Chapitre 2 : Cadre théorique et cadre d’investigation

2.1 Cadre théorique

2.1.1 Théorie de l’activité

2.1.1.1 Apprentissage expansif et les notions d’activité, d’actions et d’opérations

L’apprentissage expansif est fortement lié à la zone de développement proximal, lorsque celle-ci est comprise comme un espace ouvert de possibilités et ne se limite plus à la zone individuelle, mais est transposée au niveau collectif (Ploettner et Tresseras, 2016). Ce type d’apprentissage implique chez les individus une reconceptualisation de ce qu’est l'activité, de ce à quoi elle sert et aussi de son motif (Sannino, Engeström et Lahikainen, 2016). En effet, l'apprentissage expansif est un processus dans lequel les apprenants procèdent à des analyses et à des expérimentations pour transformer l'objet de leur activité (Engeström, 2015).

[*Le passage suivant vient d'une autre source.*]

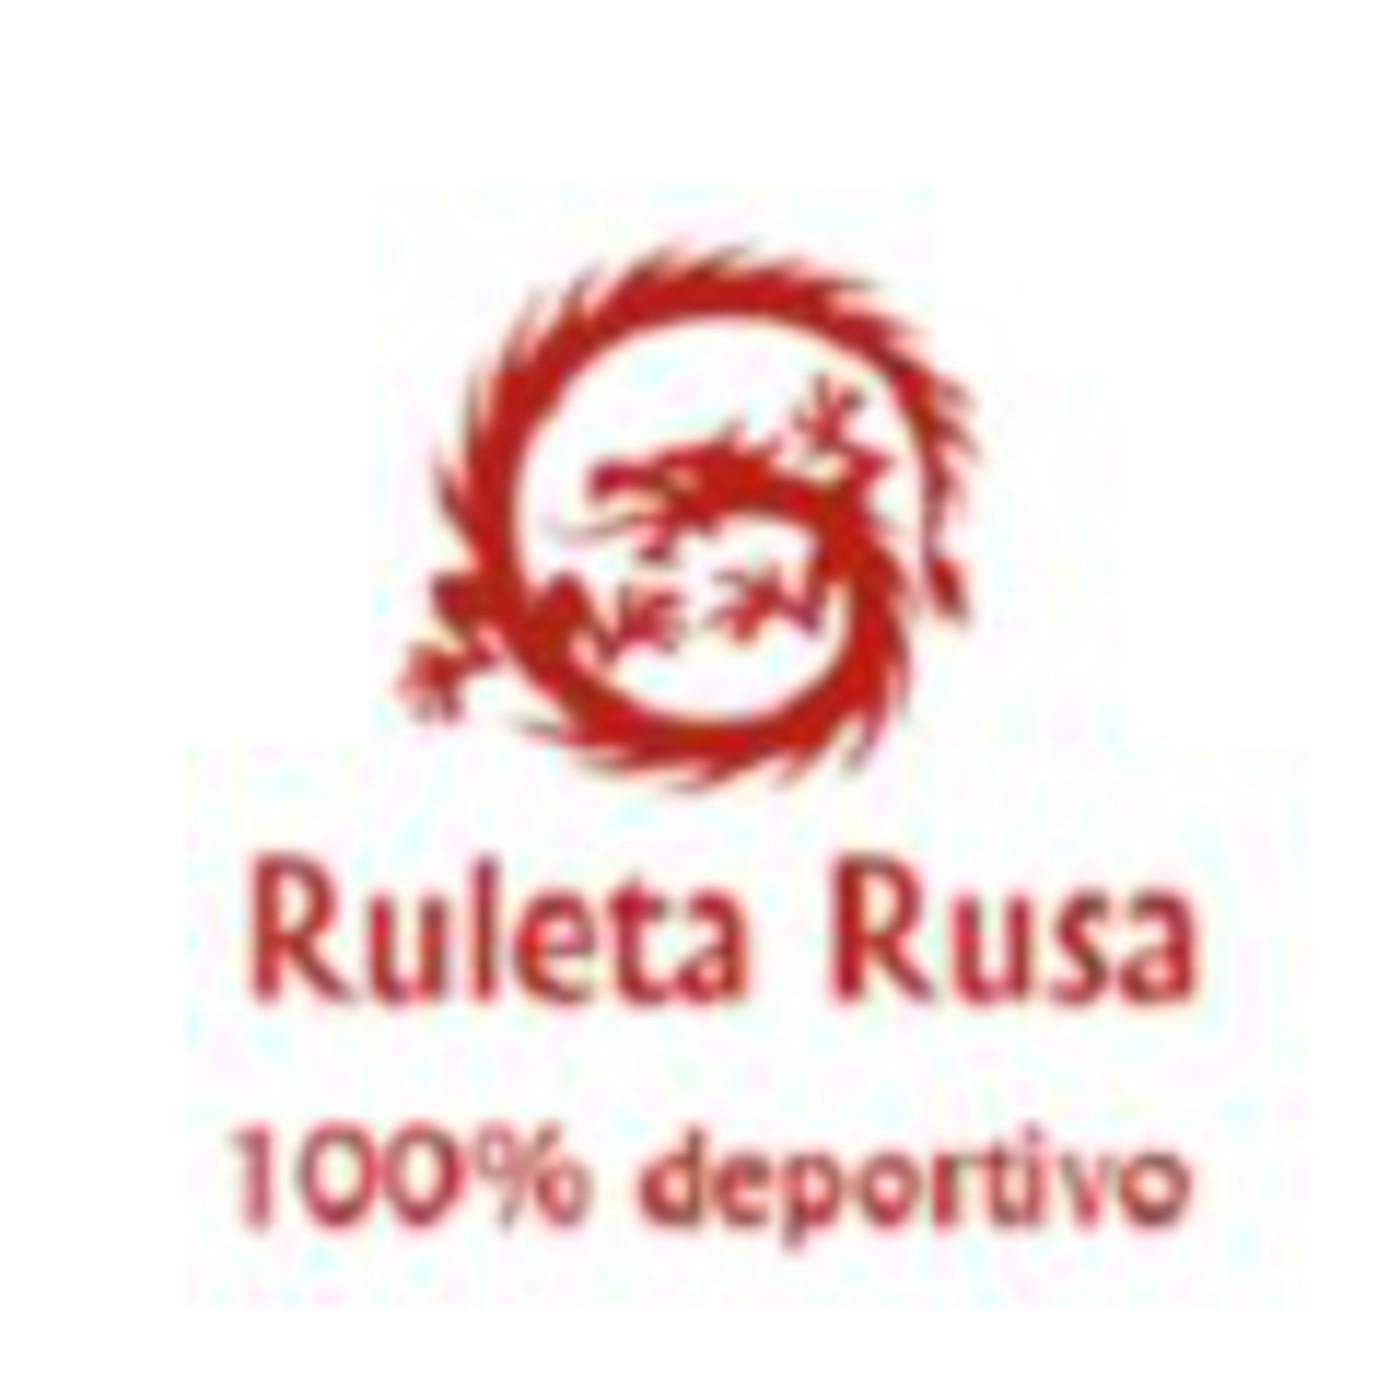 Ruleta Rusa Podcast
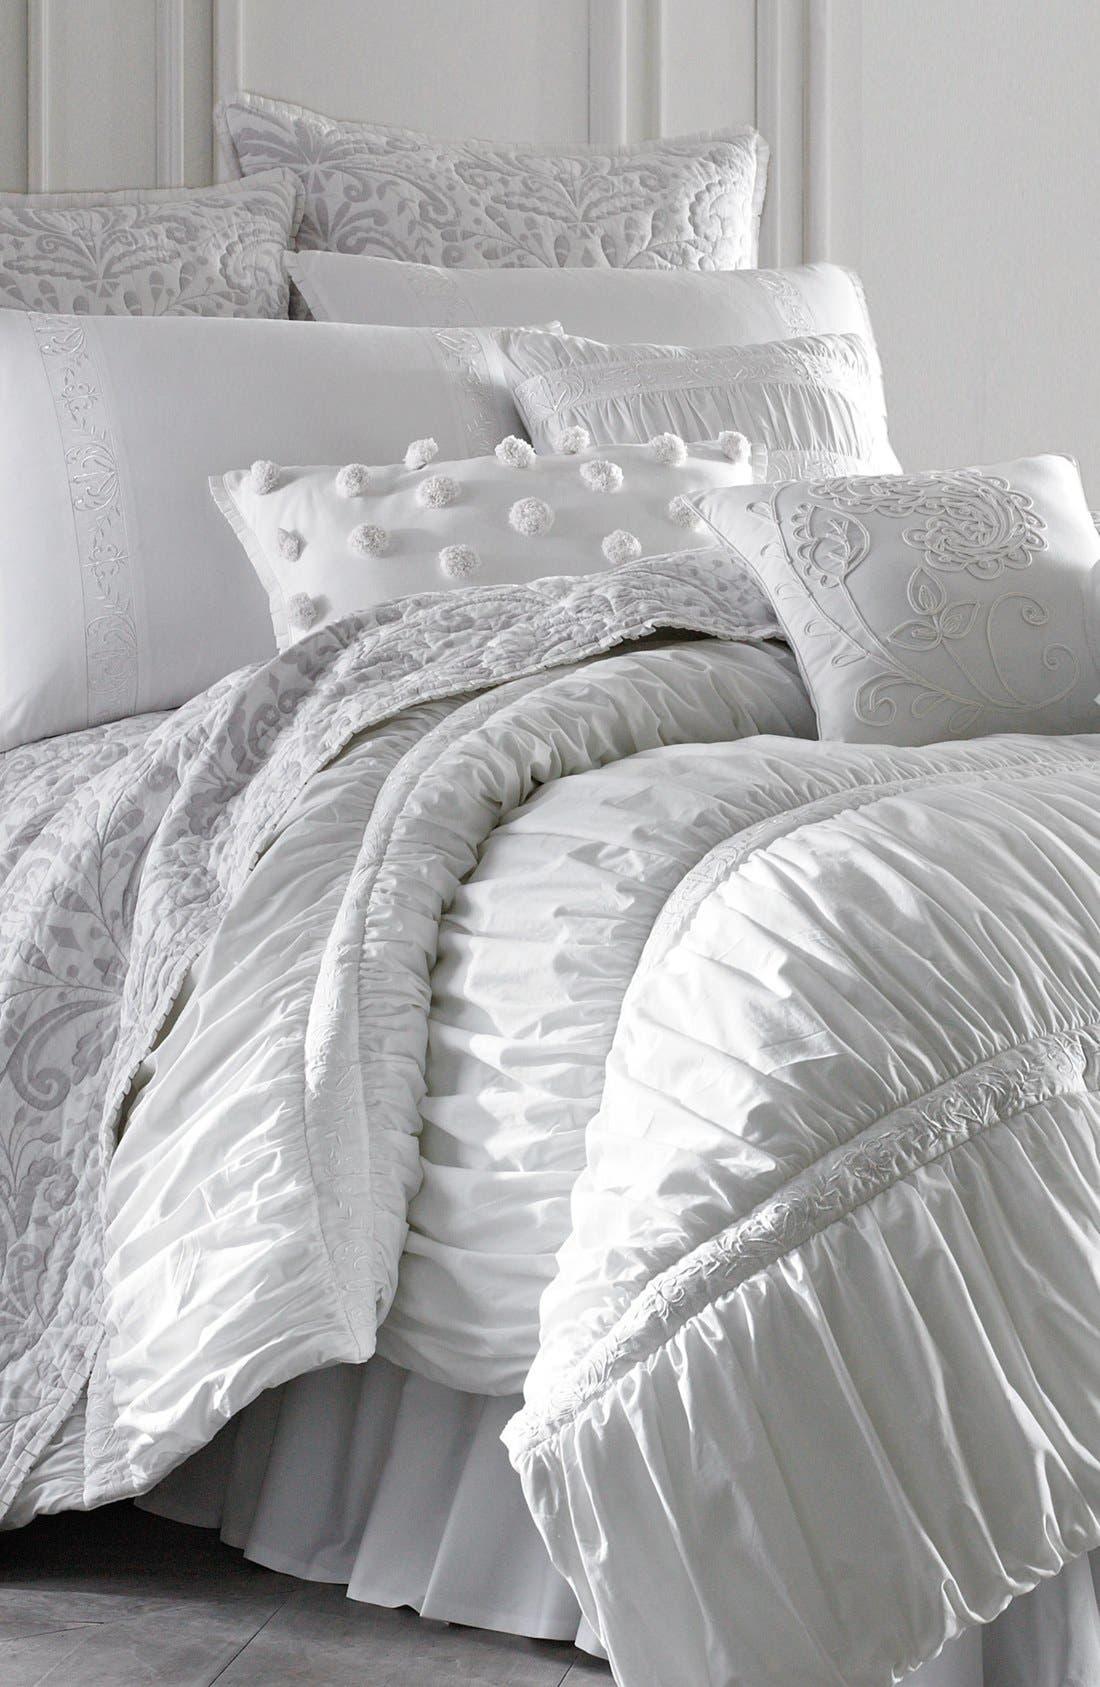 Main Image - Dena Home 'Morning Dove' Comforter

Les différentes études appuyées sur cette théorie peuvent être regroupées en six catégories : transformation de l'objet, mouvement dans la zone de développement proximal, cycle des actions de l’apprentissage expansif, passage de frontière et de construction de réseau, mouvement distribué et discontinu, et interventions formatives (Engeström et Sannino, 2010). Cette théorie repose sur deux principes épistémologiques: la double stimulation et le mouvement de l’ascension de l’abstrait vers le concret. Cependant, avant de présenter ces deux principes, nous expliciterons d’abord les concepts d’activité, d’action et d’opération tels qu’ils sont documentés dans la littérature en lien avec l’apprentissage expansif.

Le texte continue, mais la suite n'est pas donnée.